I used the old ifconfig tool to configure the ip.
# ifconfig enp2s0 192.168.178.2 up
After this command the network was up and runnung (of course without a default route).

# rcnetwork restart
=> Network card is down again!
Comment 4 Ulf Lange 2013-11-27 06:35:36 UTC
Created attachment 569258 [details]
messages
Comment 5 Vojtech Dziewiecki 2013-11-27 09:49:27 UTC
The module r8169 is your network card isn't it? Maybe it fails to load again after suspend? Did you try modprobe r8169, then rcnetwork restart ?
Comment 6 Ulf Lange 2013-11-27 09:59:46 UTC
The module loads and is the right module for the NIC
As you can see above "ifconfig  enp2s0 192.168.178.2 up" works, just rcnetwork start fails.
Comment 7 Vojtech Dziewiecki 2013-11-27 11:13:17 UTC
I'm sorry I cannot think of a way to fix this and I cannot look into it any further.
I also want to drop pm-utils soon in favor of the systemd suspend capabilities.

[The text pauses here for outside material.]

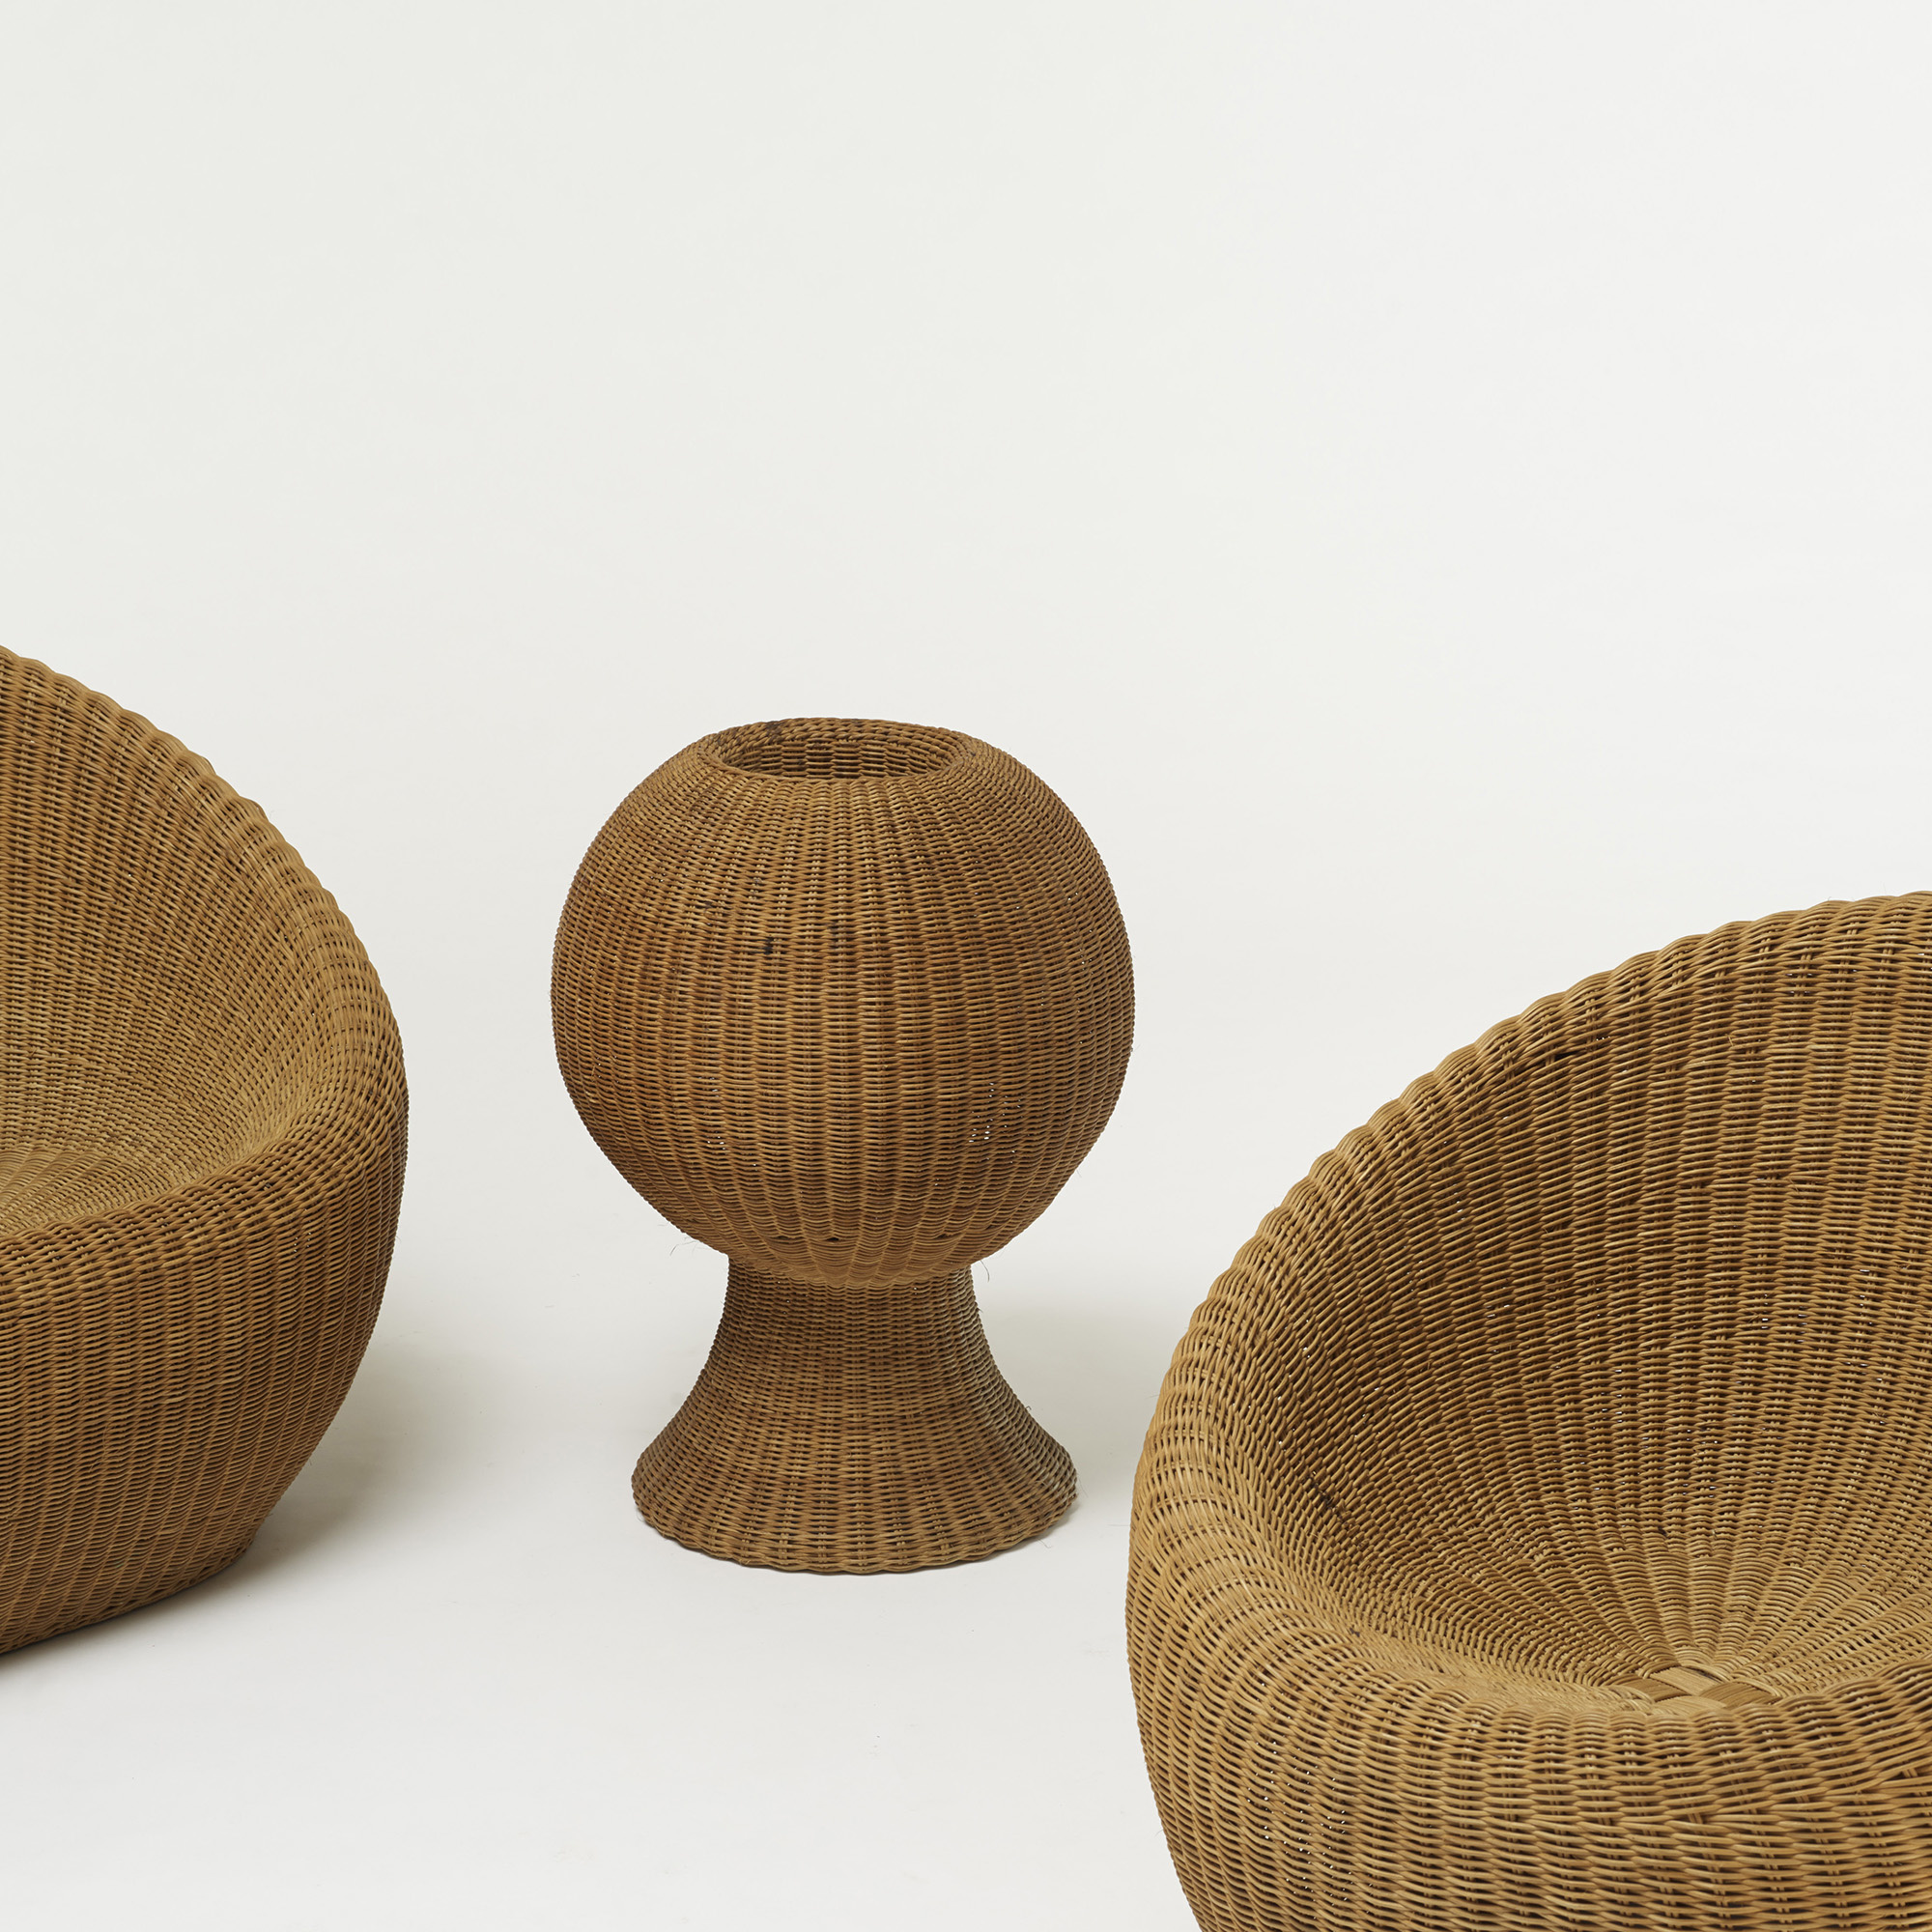 468 Isamu Kenmochi Rattan Furniture Suite Design 17 October

It would be great if you tried uninstalling pm-utils and then systemctl suspend, then report if it works and if not, what are you missing. Fixing that would make more sense now than fixing pm-utils.
Comment 8 Michele Cherici 2013-11-27 14:46:25 UTC
When pm-utils will be dropped? In 13.2?
Comment 9 Vojtech Dziewiecki 2013-12-02 12:32:14 UTC
I don't know yet. I think it would be best if in 13.2 pm-utils weren't used by default but could be explicitly installed if someone really wanted to use them.
Comment 10 Ulf Lange 2013-12-02 15:21:48 UTC
The initial problem with "rtl_phyar_cond" seems to be fixed with SUSPEND_MODULES="r8169". I still have some other issues, sometimes the system will not go into suspend at all etc.
But I think this as nothing to do with the network.
So the bug can be closed.
Comment 12 Petr Gajdos 2014-09-25 13:37:35 UTC
(In reply to Ulf Lange from comment #10)
> So the bug can be closed.

Let's do so then.
Comment 13 Michele Cherici 2015-03-10 21:29:26 UTC
I've upgraded to 13.2 and now SUSPEND_MODULES="r8169" workaround doesn't work anymore.
After a suspend is not possible to resume the network, the strange thing is that unloading/reloading r8169 kernel module doesn't help.
Comment 14 Petr Gajdos 2015-03-11 07:55:30 UTC
(In reply to Michele Cherici from comment #13)
> I've upgraded to 13.2 and now SUSPEND_MODULES="r8169" workaround doesn't
> work anymore.
> After a suspend is not possible to resume the network, the strange thing is
> that unloading/reloading r8169 kernel module doesn't help.

As far as I know pm-utils are not used by default for suspending anymore. You need to fill new bug report against systemd, I guess.